Not everyone has forgotten about mutants, as Logan soon is found by a nurse who pleads for his help to protect a child from Transigen. Soon Transigen too finds Logan, and pressures him to cooperate with them to recapture this child that they have experimented on. Named Laura, she represents the new breed of mutant that is factory raised by Transigen and not given the chance for self-determination. With similar powers to Wolverine of enhanced healing factor and adamantium limb extensions, she soon meets Logan and Professor X much to Logan’s dismay. Soon after Transigen finds the band of mutants as well, and from there Logan, Charles, and Laura must traverse the US Midwest with Transigen forces hot on their tale.
As always, Hugh Jackman brings his all. This rendition of Logan is a much deeper and comprehensive understanding of the character than ever before. Logan’s aging and depressed state lead to a darker movie than ever before. Like last year’s Deadpool, Logan is the second-wide reals R rated film, and it relishes in the rating. Never have we seen Wolverine’s claws literally tear through people with as much depiction of the blood and gore which that would entail. Limbs are a flying, and unlike Deadpool where the violence was put in for comic effect, here it has the full levity and impact that one would want.
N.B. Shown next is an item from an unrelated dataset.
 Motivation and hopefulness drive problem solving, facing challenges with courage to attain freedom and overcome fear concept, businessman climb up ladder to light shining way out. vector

Performances from everyone are top notch. Dafne Keen holds her own as the young Laura, and Stephen Merchant truly shines outside of his comedic home in Logan. Patrick Stewart may well be the show stealer as the senile Professor X, bringing to the role a new sense of identity and compassion that we have not seen before from Stewart. Boyd Holbrook even holds his own against Jackman as the head of the Transigen forces perusing the mutants as a relentless villain who channels the motivation of the sinister company while maintain a menacing presence on screen. Logan is not the fun mutant clash that was seen in last year’s X-Men: Apocalypse, nor is it the irritant comedy that Deadpool was despite the R rating. On the R rating, seeing Jackman and Laura cut through their pursuers is a brilliant way to put a character we have known for 17 years in a different setting that completely reinvents our perception on him. The claws do not look cartoonish for a second, nor does the blood that splatters all over the screen.
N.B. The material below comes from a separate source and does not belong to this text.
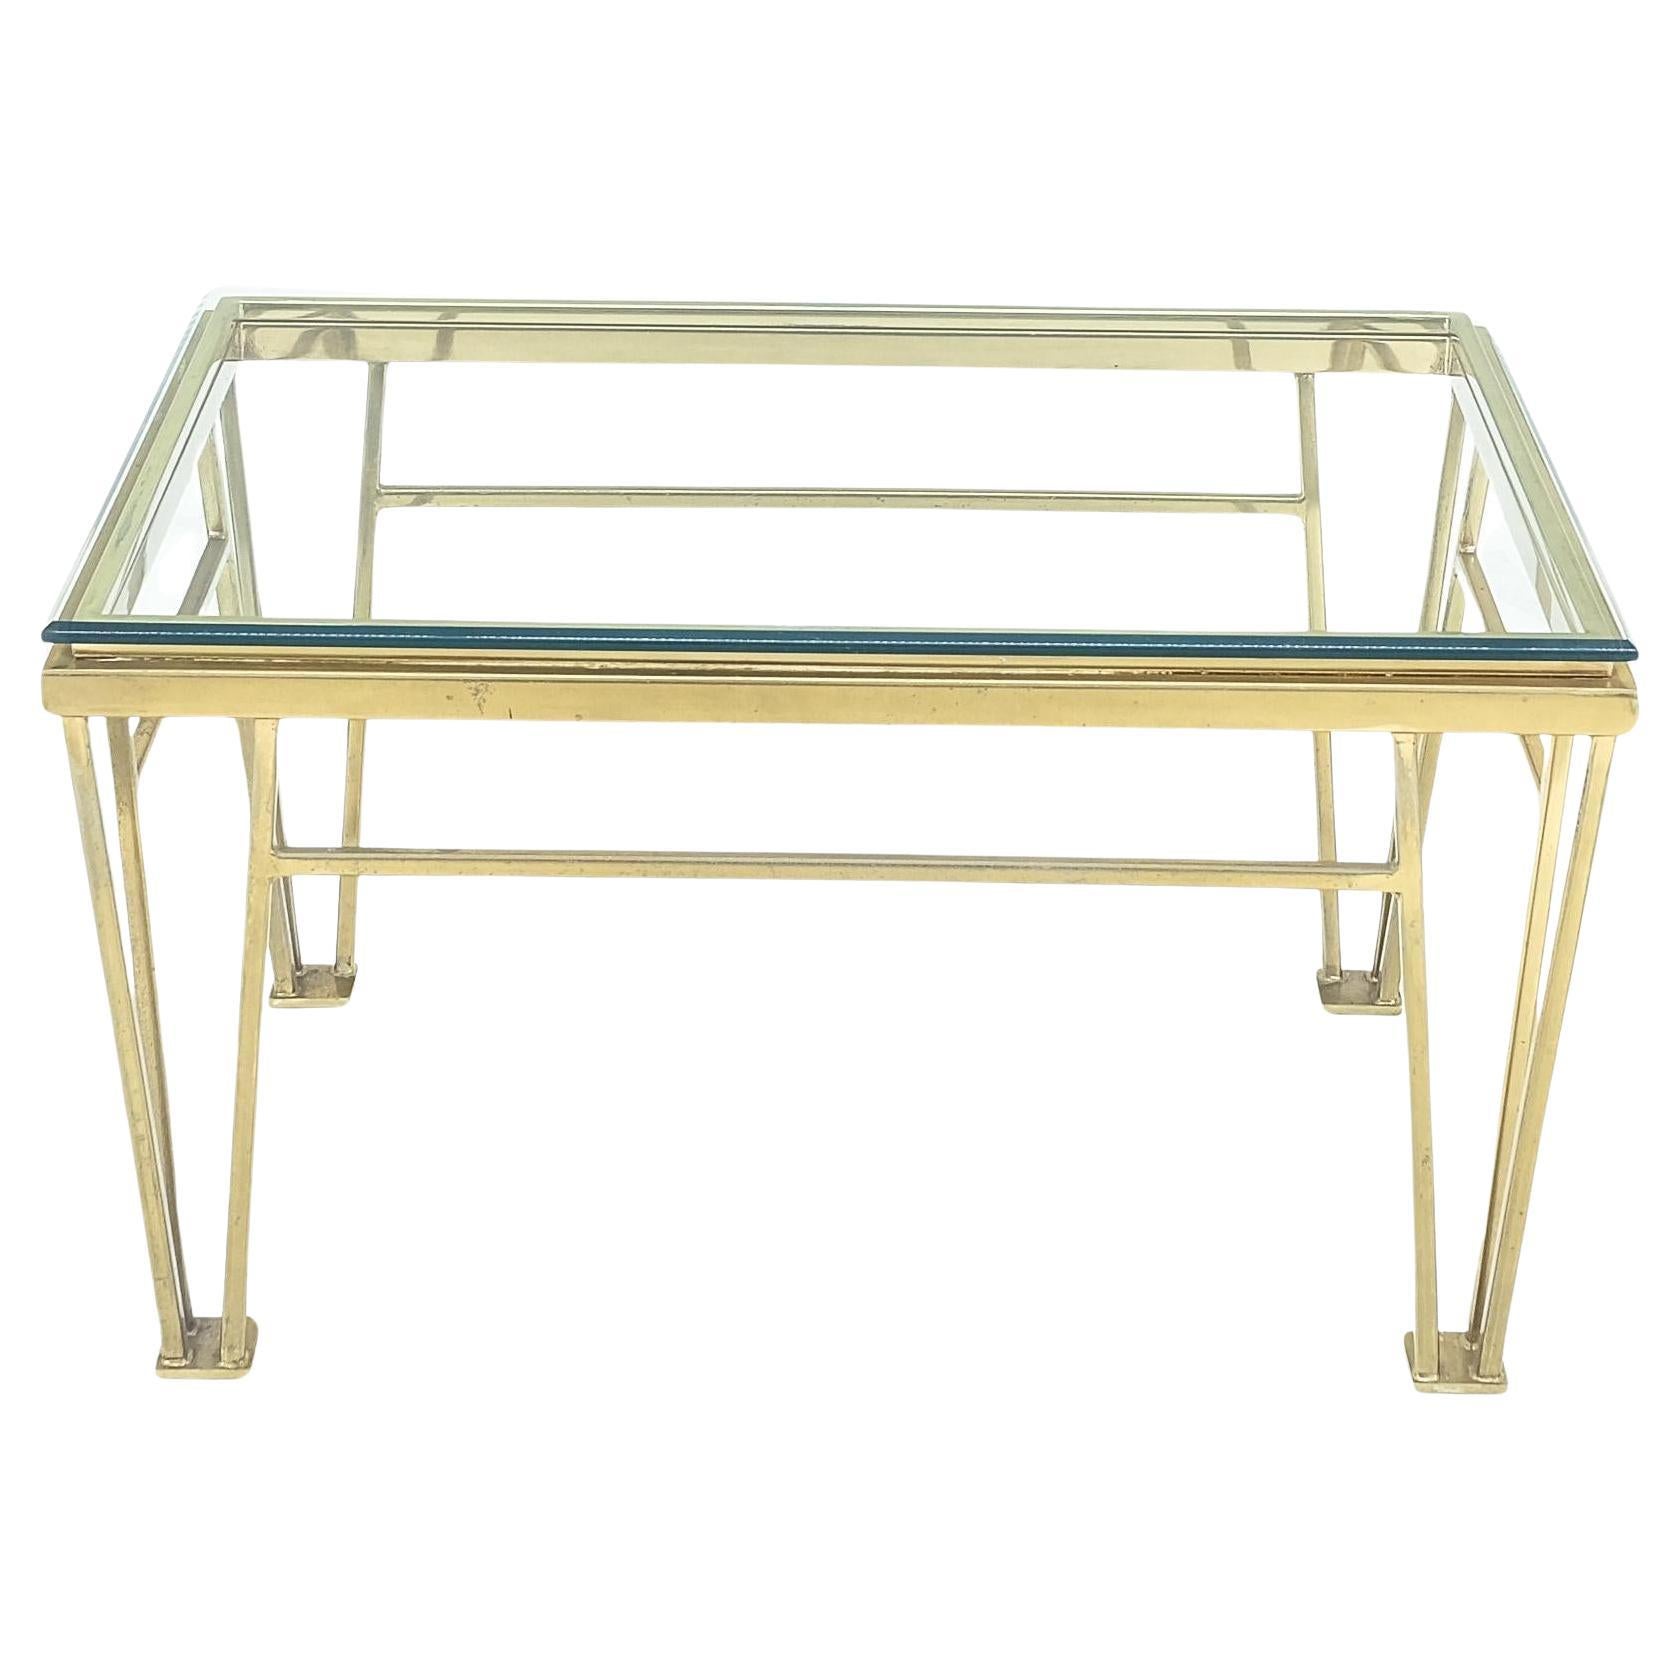 Geometric Frame Style Legs  Rectangular Brass Plated Side Table w/ Glass Top For Sale

One of the best parts of Logan is Mangold subtly putting in elements that suggest a very realistic sci-fi future that is not too farfetched. Set in 2029, the landscape is not too unlike the real world, yet components like automated trucking containers on wheels with no drivers, as well as commentary on the corporate farming industry. An entire subplot is a family farmer defending his corn farm from the muscle of a large corn syrup producer that neighbors and shares the water supply, leading to unethical cut offs that are very reminiscent of the Monsanto phenomena to monopolize the market. Even drones are heavily utilized for surveillance, as well as Google Glass like glasses. These subtle elements represent the best of sci-fi: saying something meaningful about modern society while adding in the fantastic sense, yet Logan is not too over the top making it more believable, in an analogous way to the subtle sci-fi elements of Children of Men.
While there are rumors that Jackman may appear in a future Deadpool movie, if this is the last appearance of Hugh as Logan, he has earned this retirement in a film that may well be the best of the genre.